[DDI-SRG] ncube discussion?

Joachim Wackerow joachim.wackerow at gesis.org
Fri Dec 14 16:43:20 EST 2007


Wendy,

Thanks for the example, that is now much clearer. That is exactly what I 
proposed for the sparse matrices. I assumed that the intention of the 
current XML Schema design was NOT to be explicit in terms of the 
dimensions for the reason of the size of the XML instance.

It was a problem that the XML Schema didn't allow something other, so I 
tried something. I didn't know what the intention was :).

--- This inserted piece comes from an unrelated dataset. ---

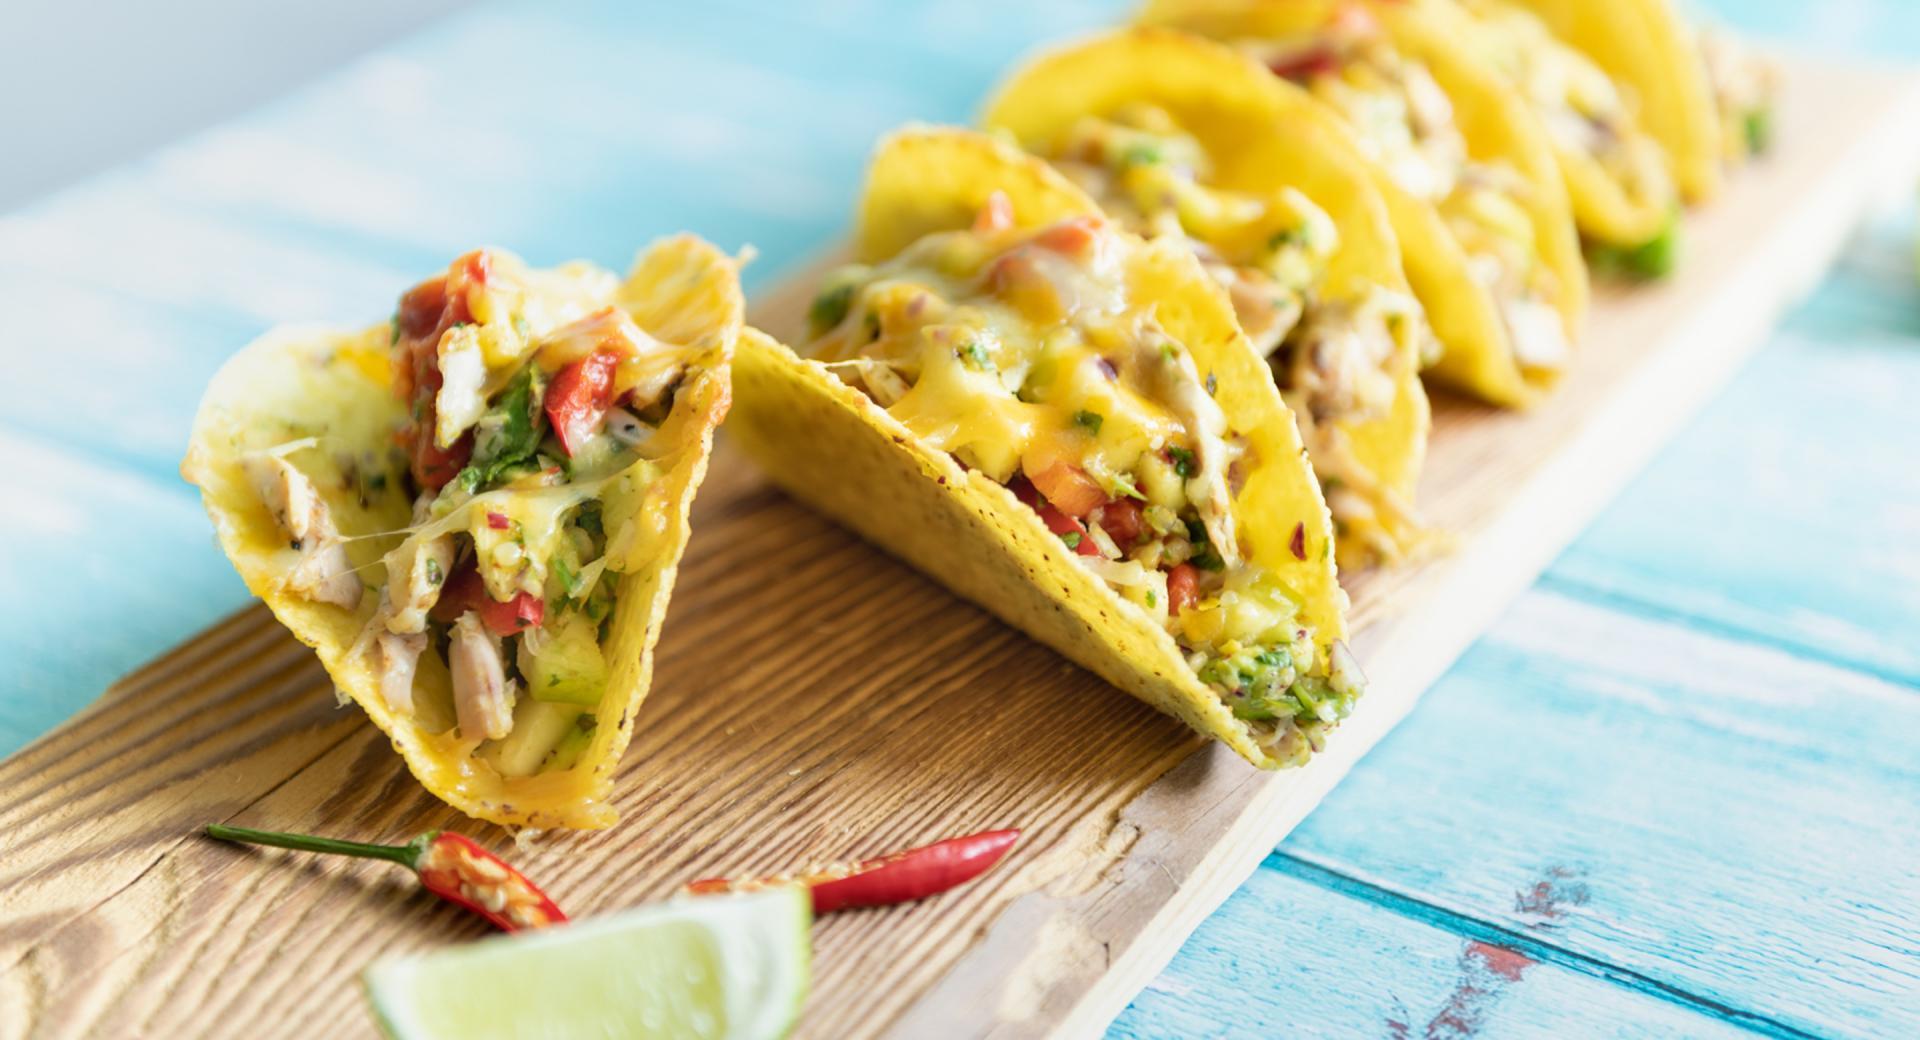 Tacos gratinados
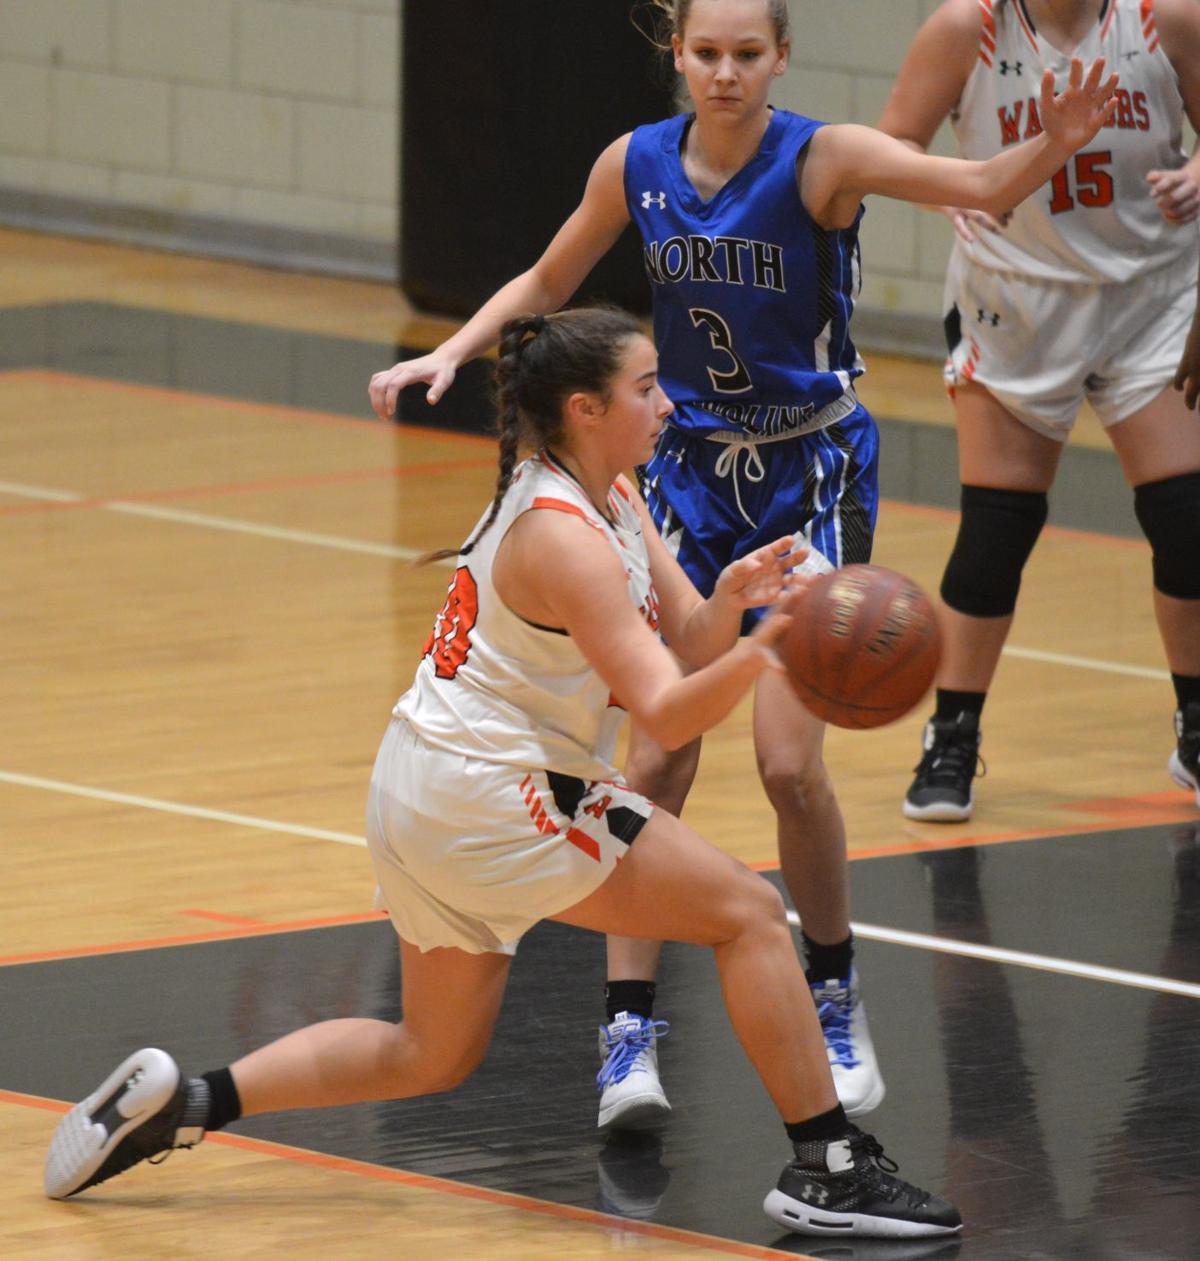 Warriors Bulldogs girls hoops

This explains now the misunderstanding in the discussion yesterday, when 
I was talking about implicit order.

With this design sparse matrices would be no problem. Cells which are 
not mentioned have a value of zero.

The marginal sums can be also added with a value of NULL for the 
coordinate number where the rollup takes place. This would be nicely in 
line with OLAP and database systems. The question would raise, how the 
NULL value should be defined in the XML, perhaps as a optional attribute 
for Value like 'null="true"' and not just as content.

I looked at some cells in the example. I noticed several issues, for 
example, that the coordinates for 2,2,1 have the measure 572, but should 
have 950, or the other way around the measure 572 should have the 
coordinates 1,3,1.
Is this a typo, or do I have another understanding of this?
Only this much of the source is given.